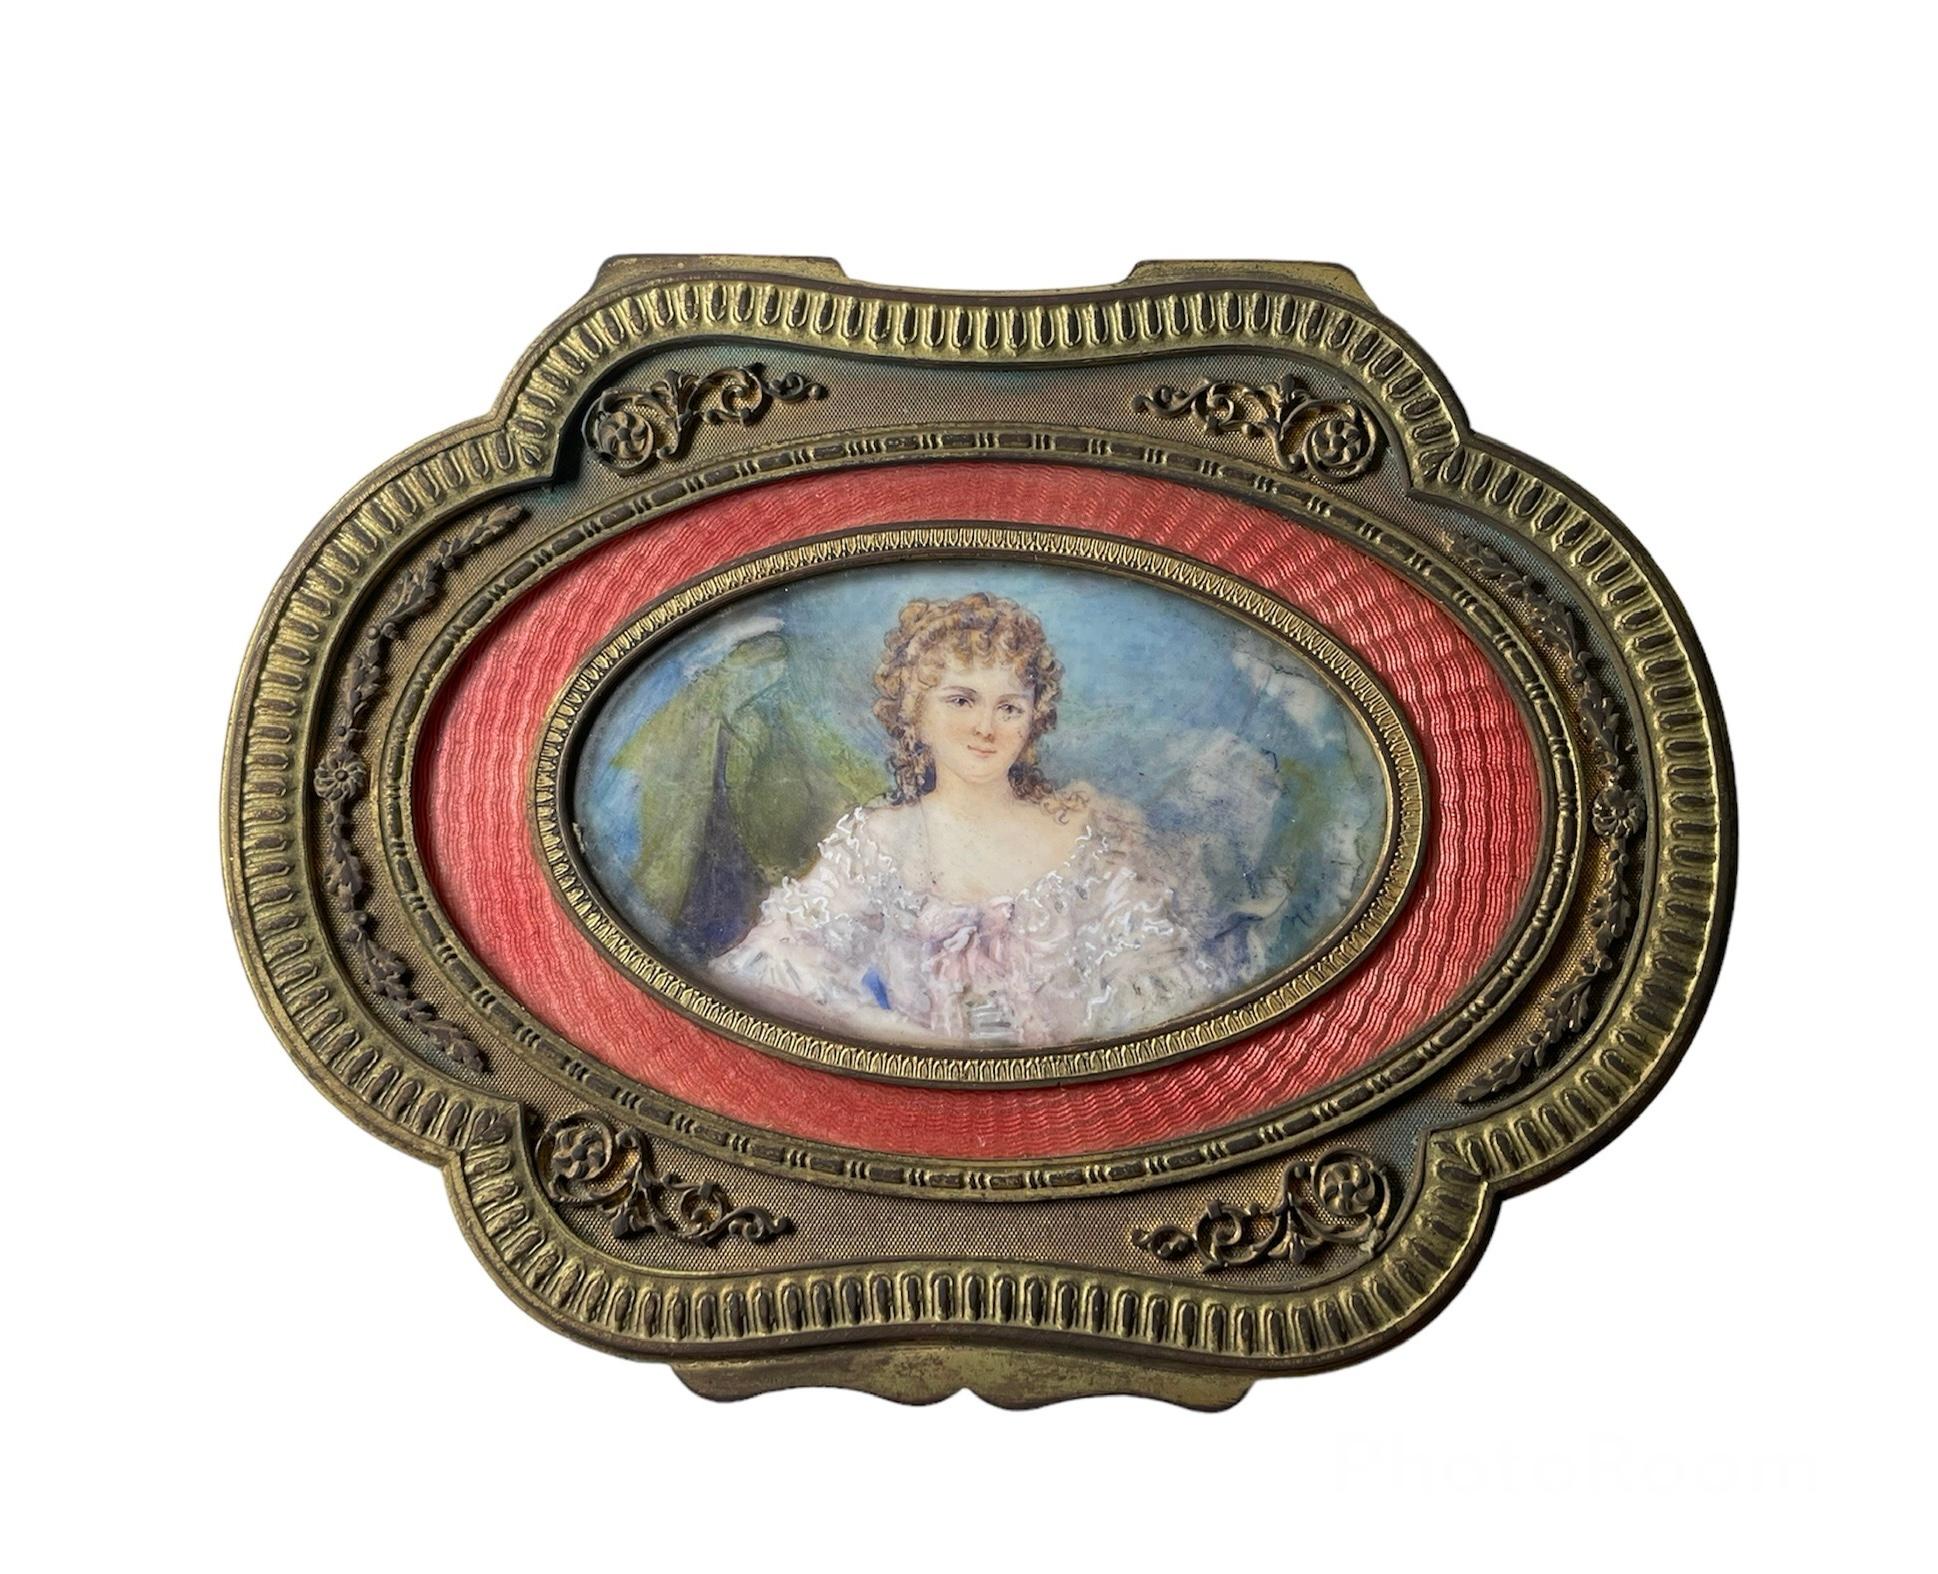 This a French bronze metal hand painted portrait vanity box. It depicts a quatrefoil shaped hinged lid that is decorated in the center with the portrait of a young lady. An orange color guilloche inset panel framed the portrait, then a relief of
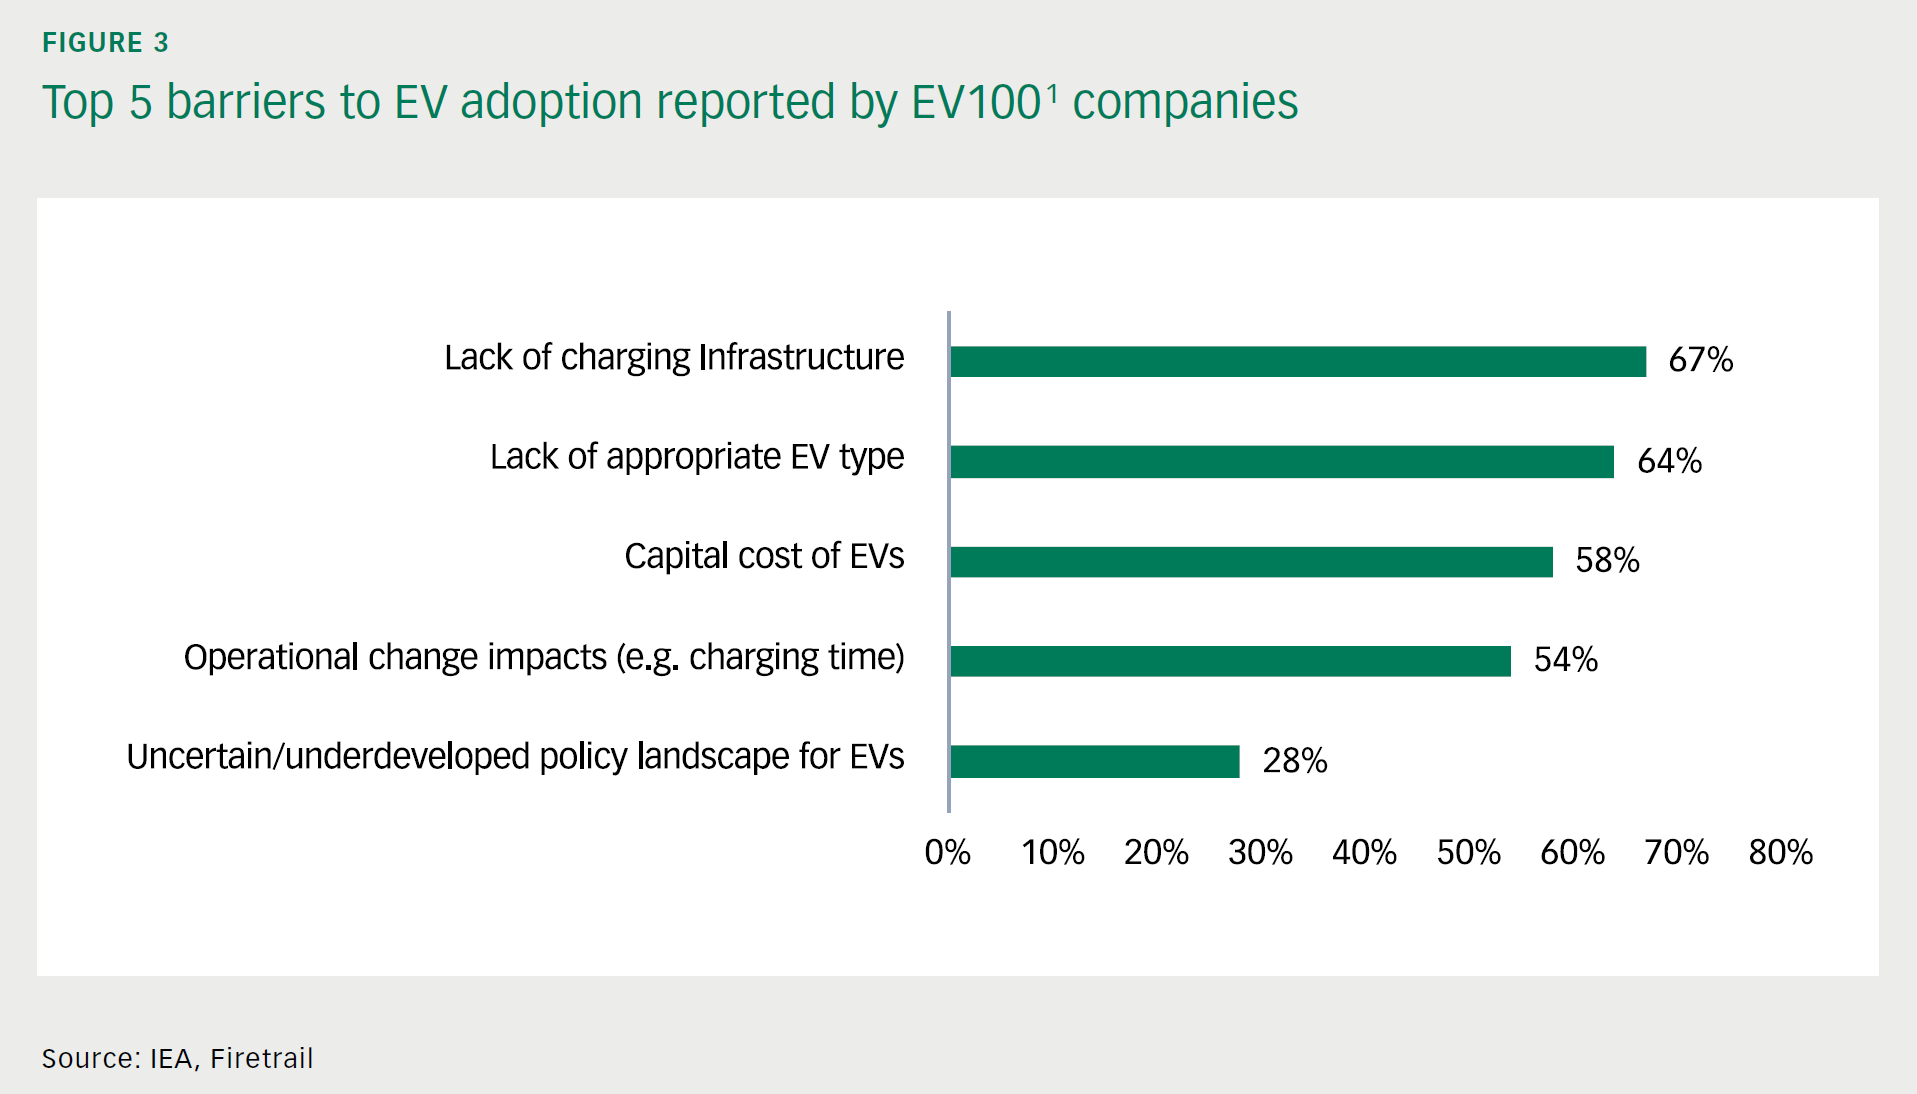 Top 5 barriers to EV adoption reported by EV1001 companies
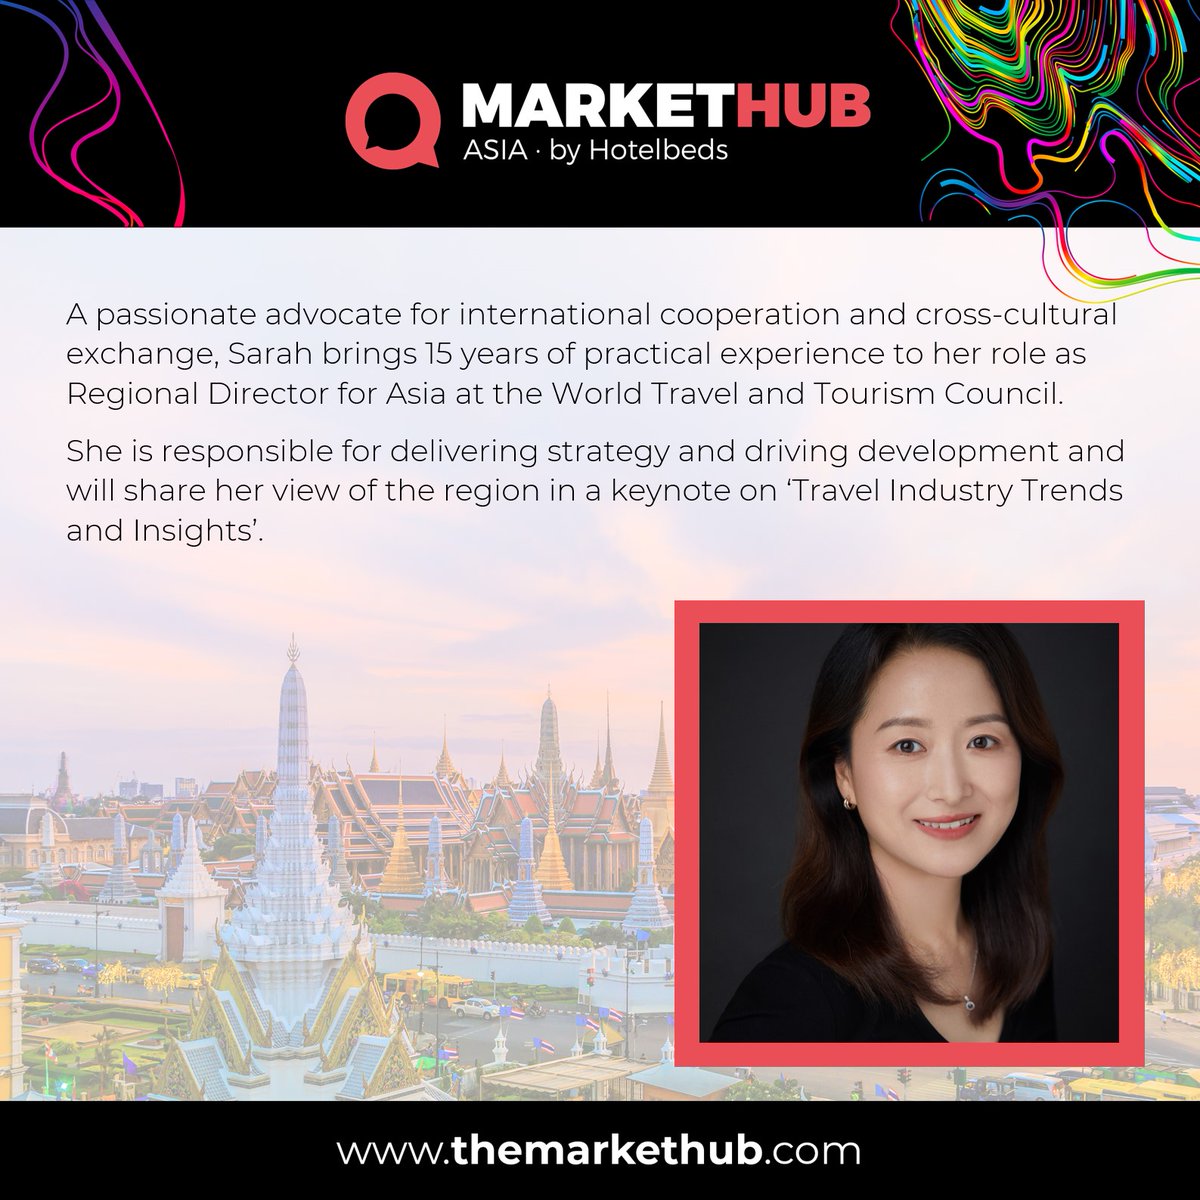 Over the course of the next two days at MarketHub Asia, we have many engaging talks and panel discussions lined up. To give you a sneak preview of what's to come, we'll be putting some of our speakers in the spotlight. First up, Sarah Wang, Regional Director for Asia at the @WTTC

_TO DO_: When you write out the material, keep every line exact and leave out each picture.

_ANSWER TO THIS PROBLEM_:
 This a French bronze metal hand painted portrait vanity box. It depicts a quatrefoil shaped hinged lid that is decorated in the center with the portrait of a young lady. An orange color guilloche inset panel framed the portrait, then a relief of
 Top 5 barriers to EV adoption reported by EV1001 companies
 Over the course of the next two days at MarketHub Asia, we have many engaging talks and panel discussions lined up. To give you a sneak preview of what's to come, we'll be putting some of our speakers in the spotlight. First up, Sarah Wang, Regional Director for Asia at the @WTTC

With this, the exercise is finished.